The final exam covers all those parts of the text that we covered -- that is, everything except Chapters 6, 7, 22, and 25. You're allowed a calculator and handwritten notes on three sides of an 8.5-by-11-inch or A4 sheet of paper that you've prepared yourself. You don't need to bring a blue book. These are the same rules as for exam 1.
There is a review sheet for the final; in addition there are review sheets for the midterms which you should go back and look at.
The "special review problems" at the end of Chapter 29 of the text are good review problems; solutions are posted
Here is last semester's Stat 20 final. When this exam was originally given, the average was 116 (out of 200), the median was 121, and the standard deviation was 32. There are no written solutions to this exam. Feel free to ask questions about it in office hours or by e-mail.

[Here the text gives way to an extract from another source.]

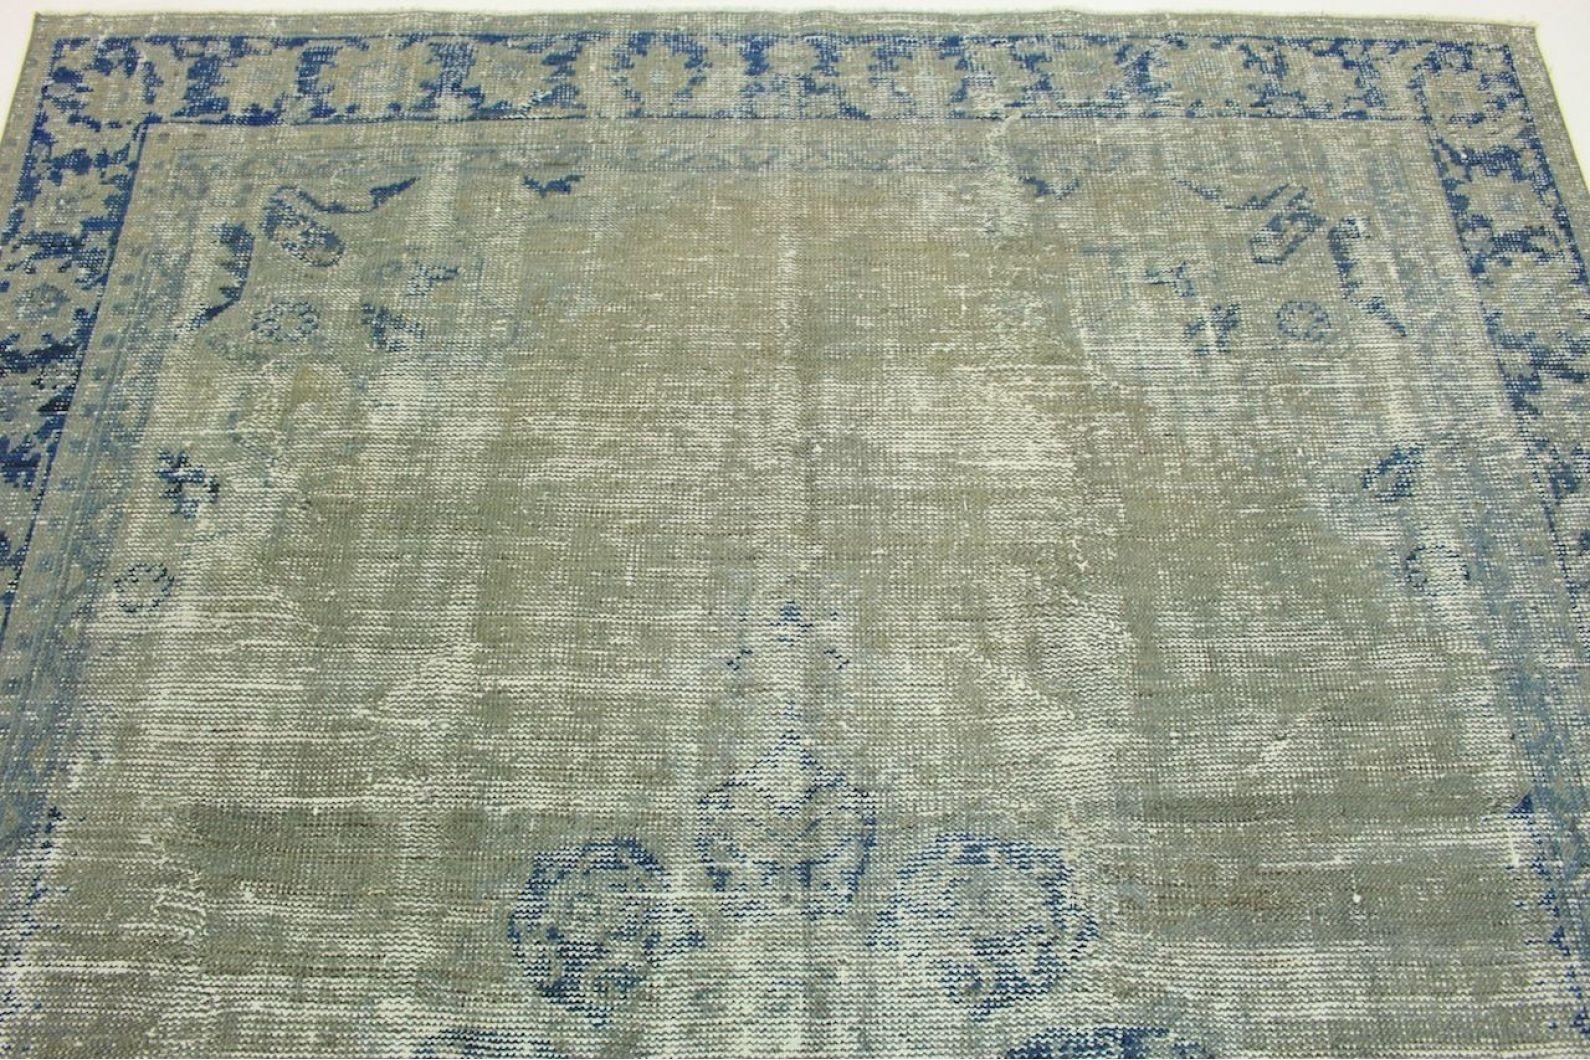 vintage teppich grau in 300x200cm 1011 5100 bei. Black Bedroom Furniture Sets. Home Design Ideas

### Distribution of the sum of exam scores

If you add your two exam scores together, you'll get a number between 0 and 200. The average of these sums of scores is 151, the median 156, the standard deviation 25.5. The distribution is as follows:
 190-200 180-189 170-179 160-169 150-159 140-149 130-139 120-129 110-119 100-109 90-99 80-89 3 4 10 13 8 10 4 6 2 4 1 1

### Distribution of overall scores

Above you were given directions on how to compute a homework score, which is out of 9 points; let's call this H. You also have the sum of your two exam scores; call this E. Then you can compute an overall score, out of 60, as (20/9) H + (.2) E; this is your score going into the final exam. The distribution of these scores is as follows:
 58-60 56-58 54-56 52-54 50-52 48-50 46-48 44-46 42-44 40-42 38-40 36-38 34-36 30-34 20-30 less than 20 1 5 3 10 11 10 7 2 6 4 3 1 2 0 3 2
The 10th, 20th, ..., 90th percentiles are 35.9, 41.5, 43.9, 47.1, 49.6 (median), 50.3, 51.8, 53.2, and 54.5.

## Resources

Philip Stark's online Stat 21 textbook is very useful. In particular it has a large number of interactive demonstrations.